• _Aim of the task_:
Find the line containing "4 cartoline Carnevale", then print it and each line after it through the end of the listing exactly, with no pictures.

• _Collected data_:
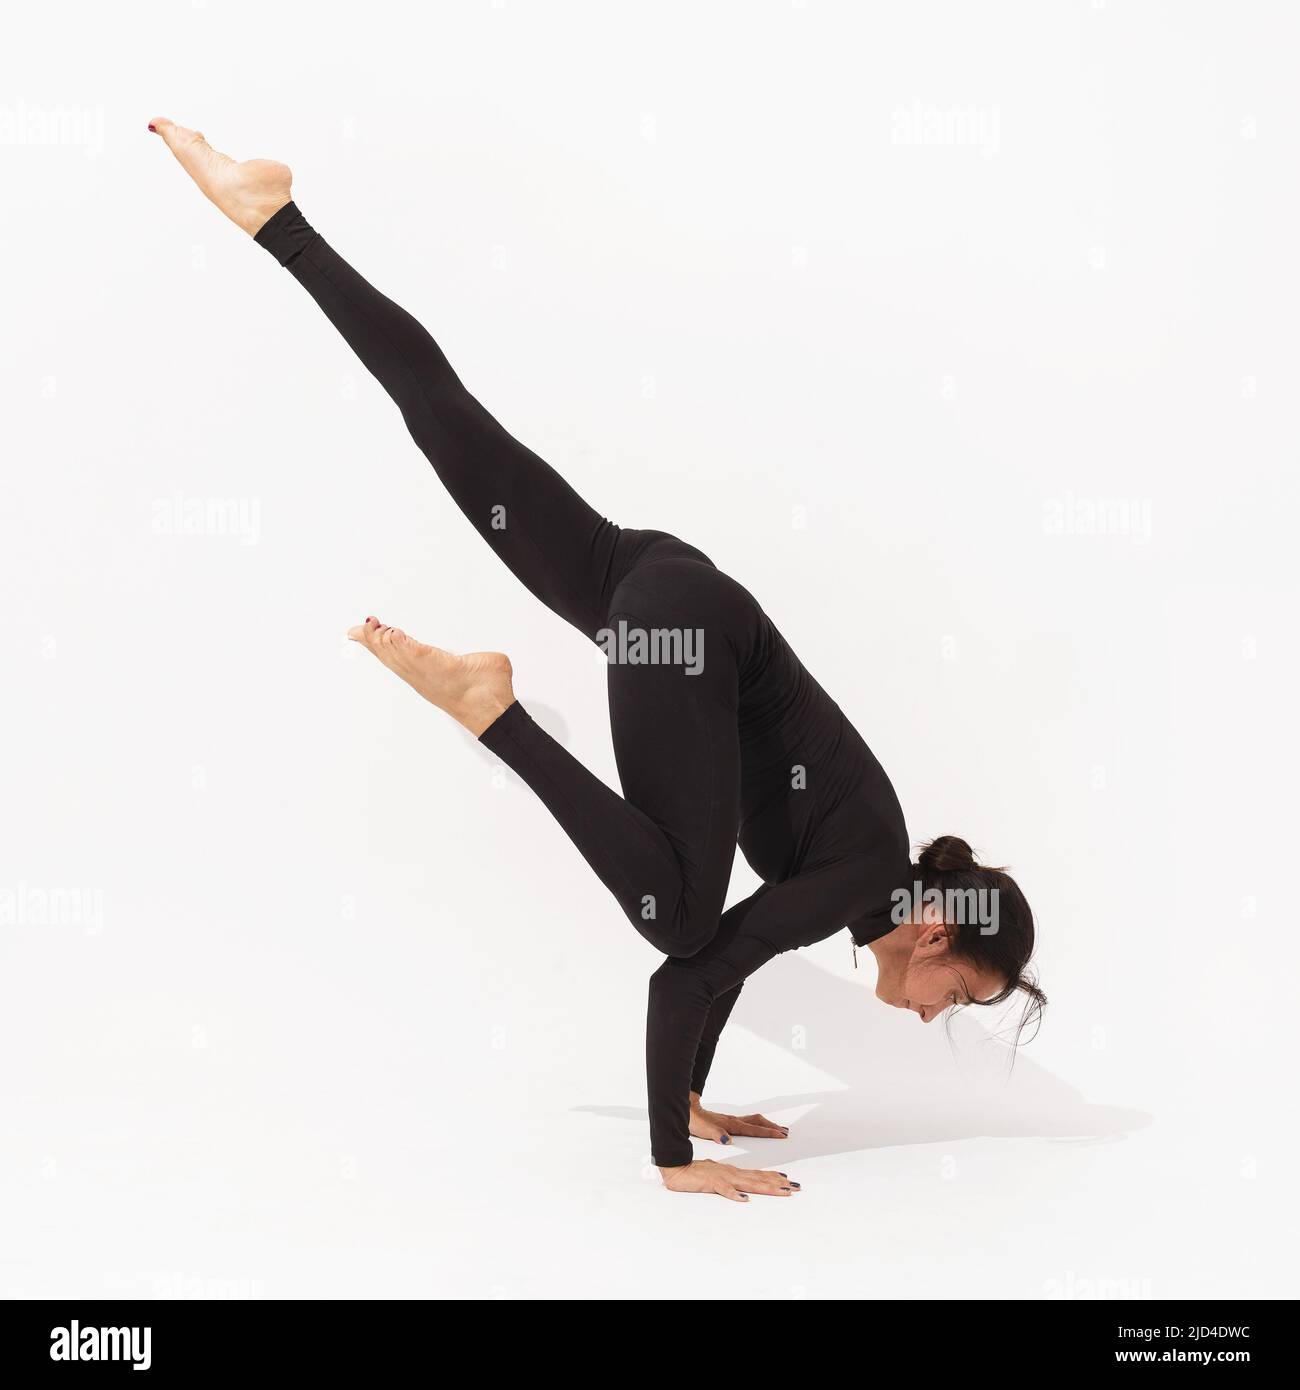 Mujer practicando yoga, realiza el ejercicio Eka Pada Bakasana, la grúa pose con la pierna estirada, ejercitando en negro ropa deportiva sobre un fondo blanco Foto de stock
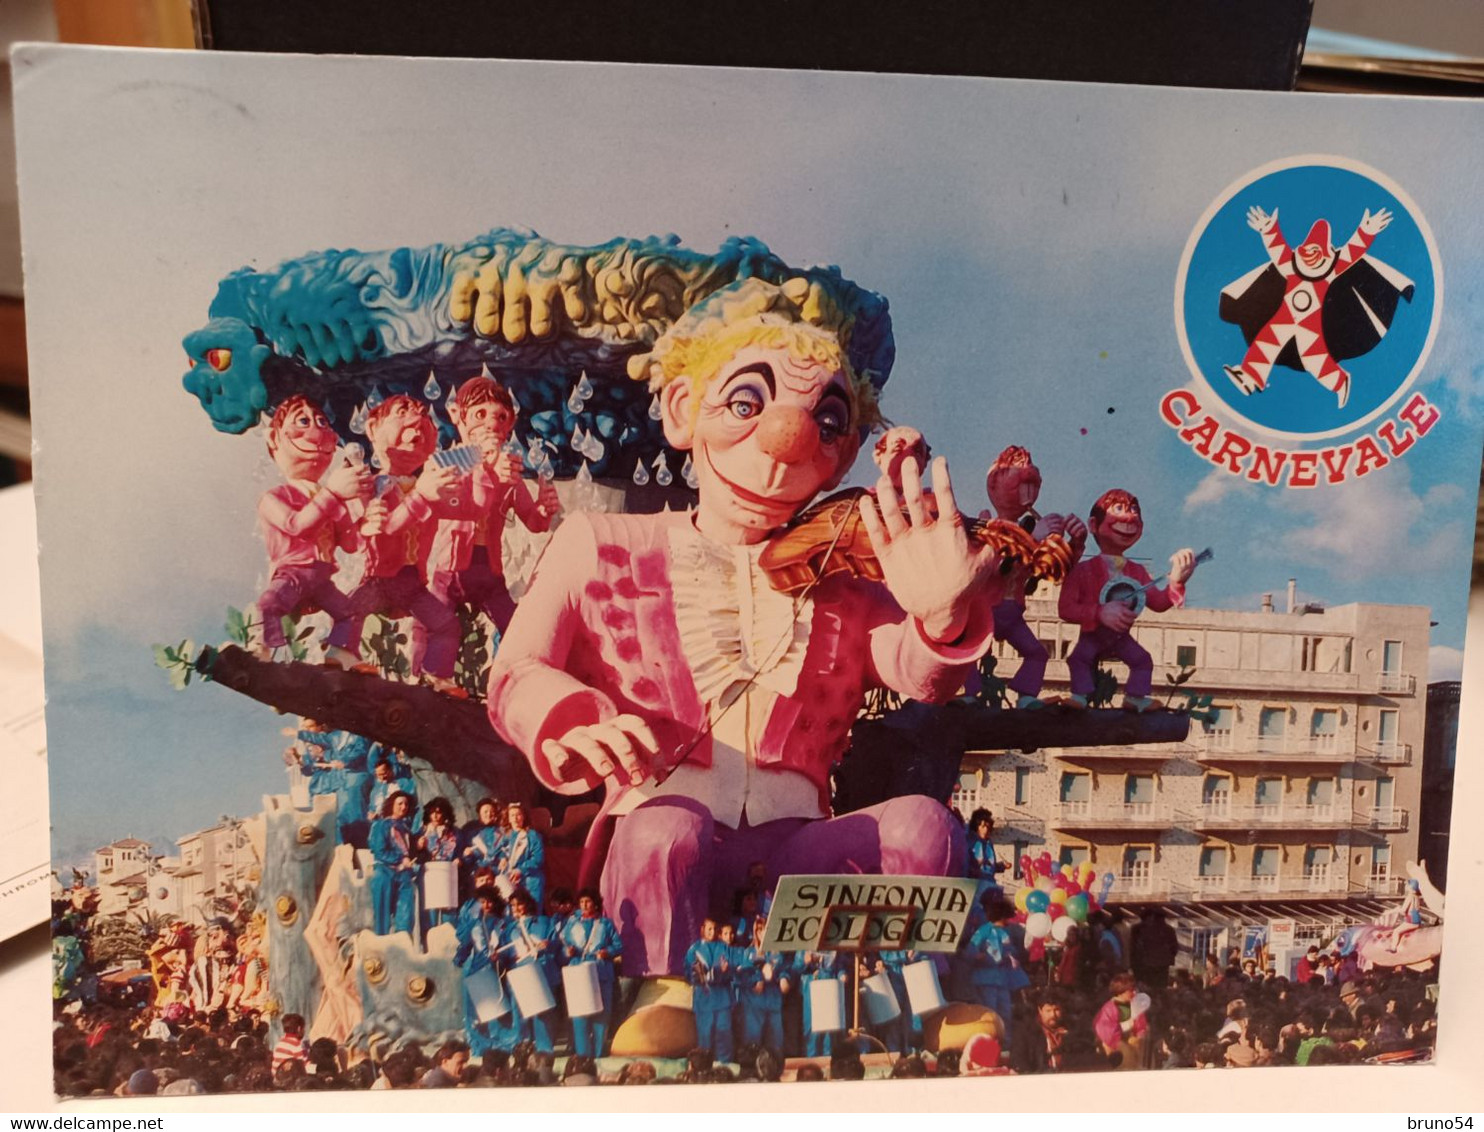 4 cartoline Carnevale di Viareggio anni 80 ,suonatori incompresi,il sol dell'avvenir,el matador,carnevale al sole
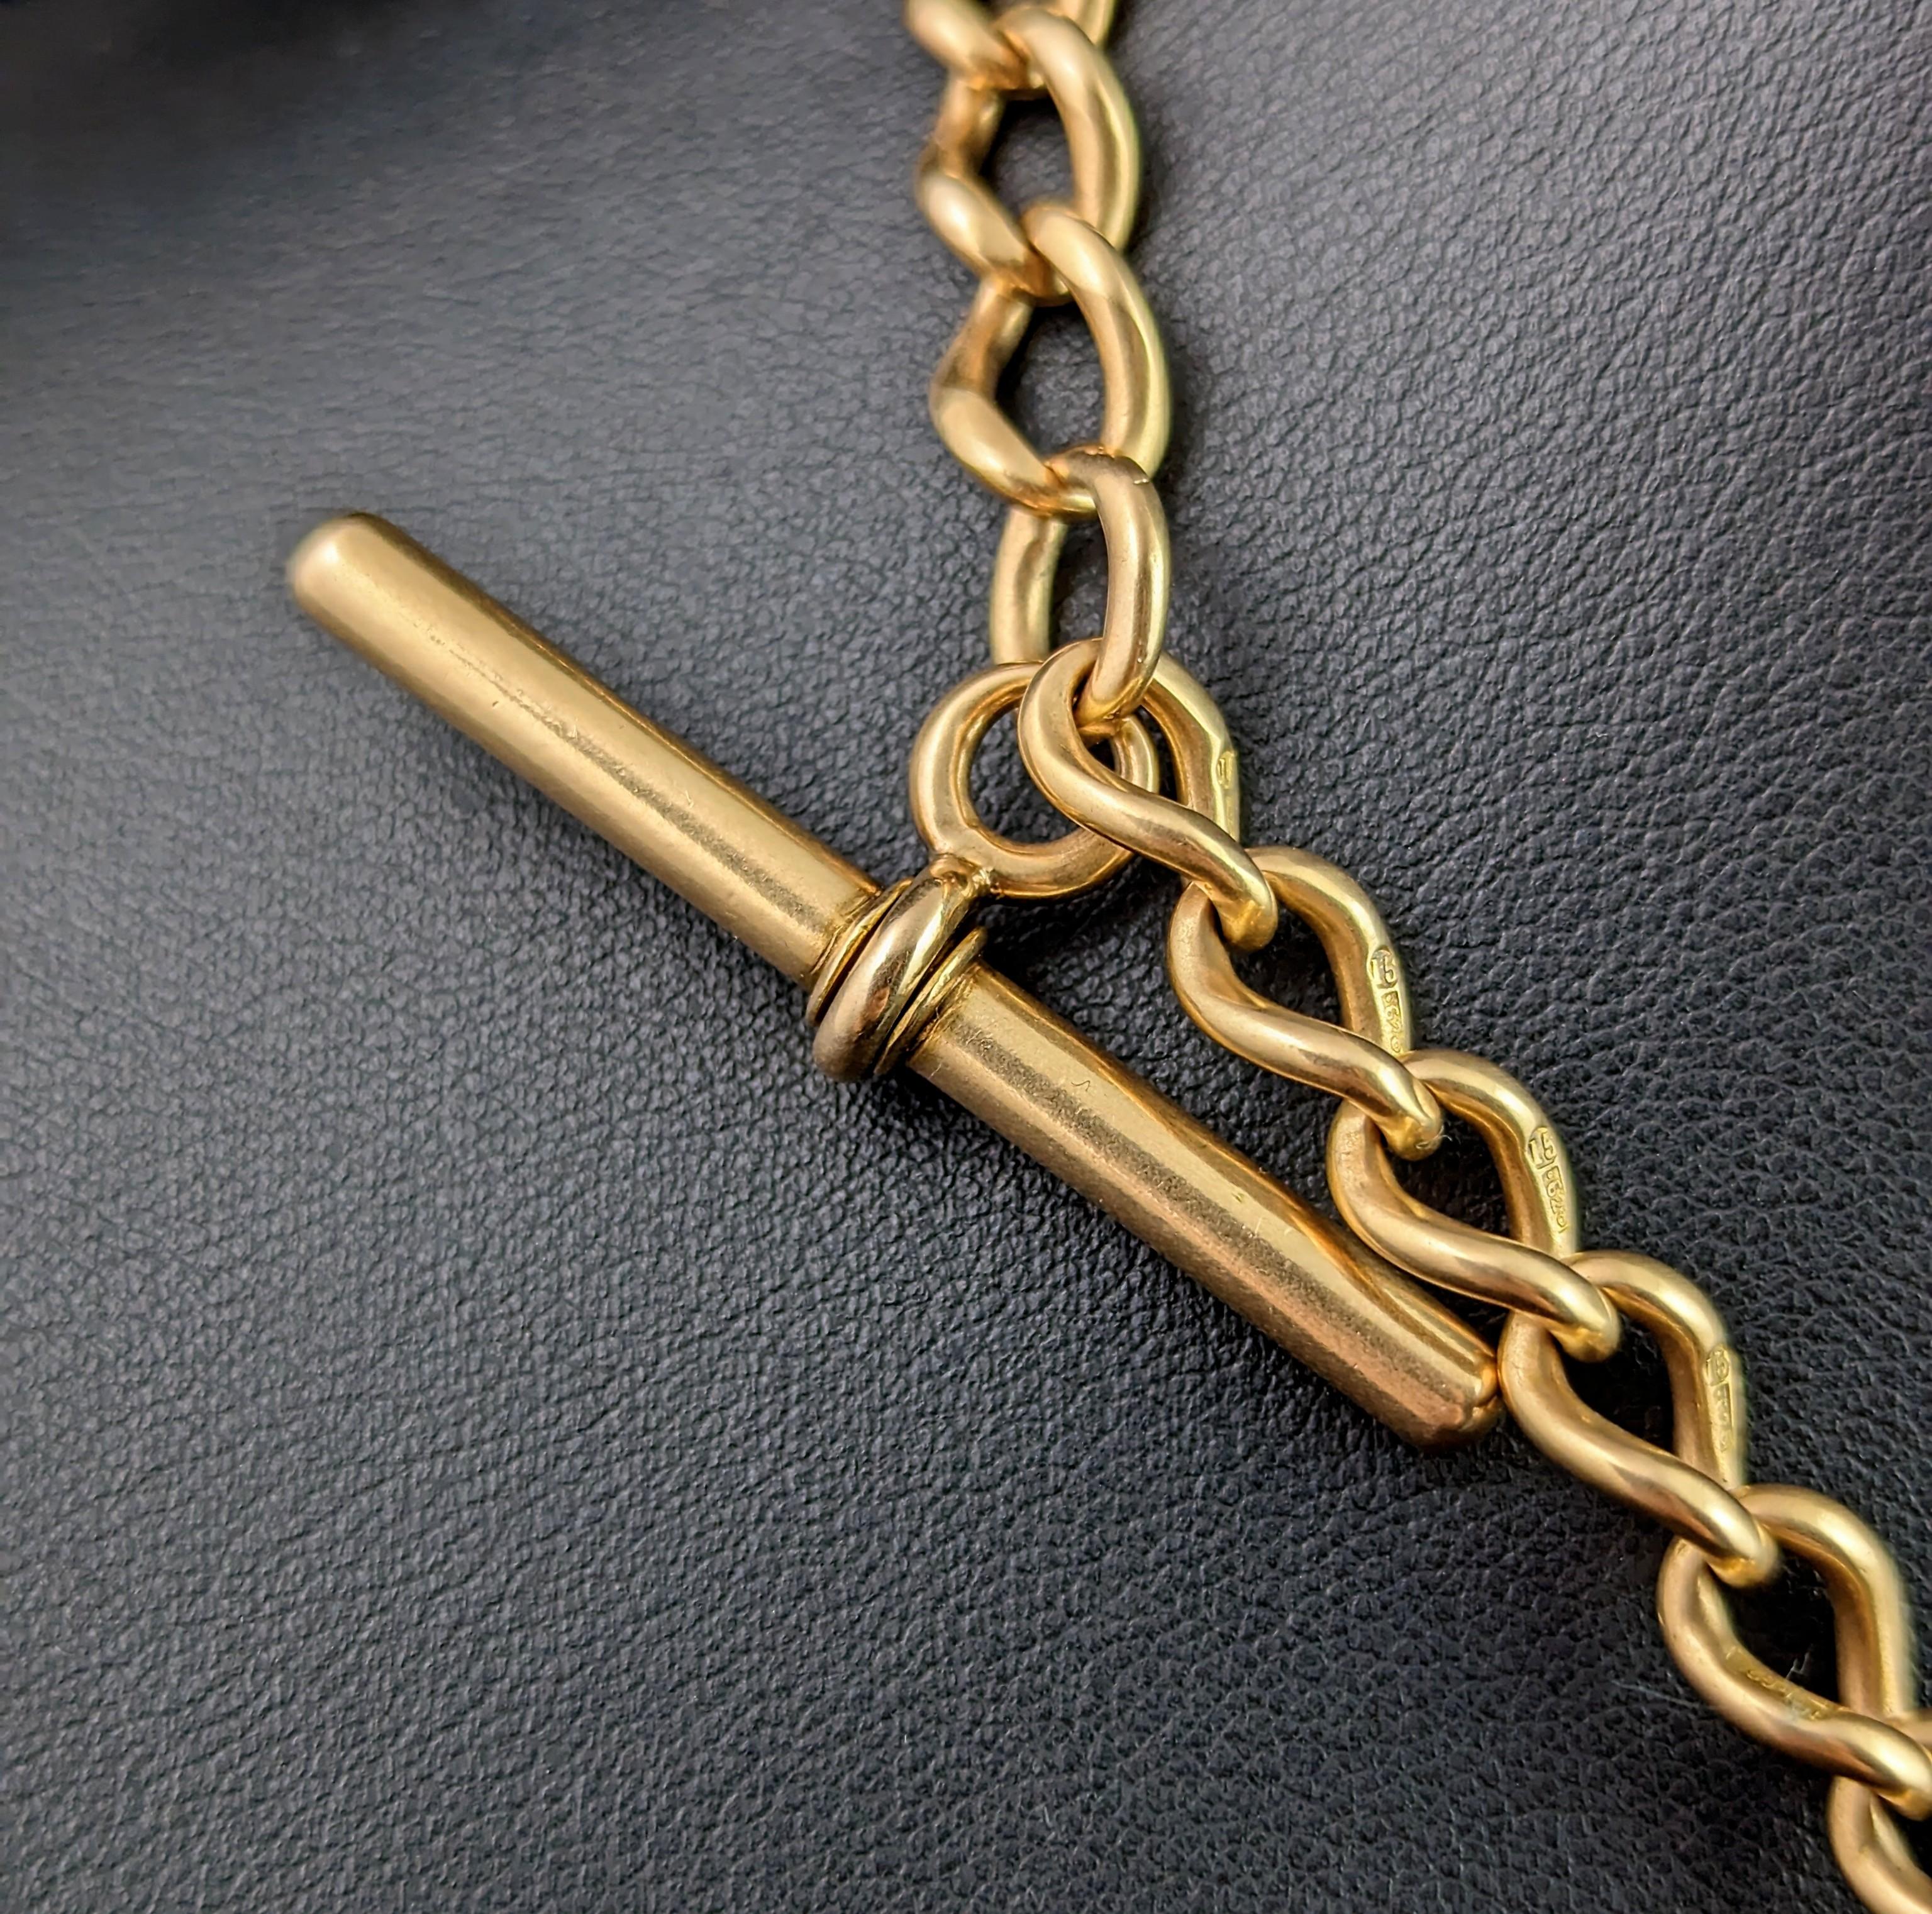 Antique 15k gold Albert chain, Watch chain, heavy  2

• _Result of this exercise_:
 4 cartoline Carnevale di Viareggio anni 80 ,suonatori incompresi,il sol dell'avvenir,el matador,carnevale al sole
 Antique 15k gold Albert chain, Watch chain, heavy  2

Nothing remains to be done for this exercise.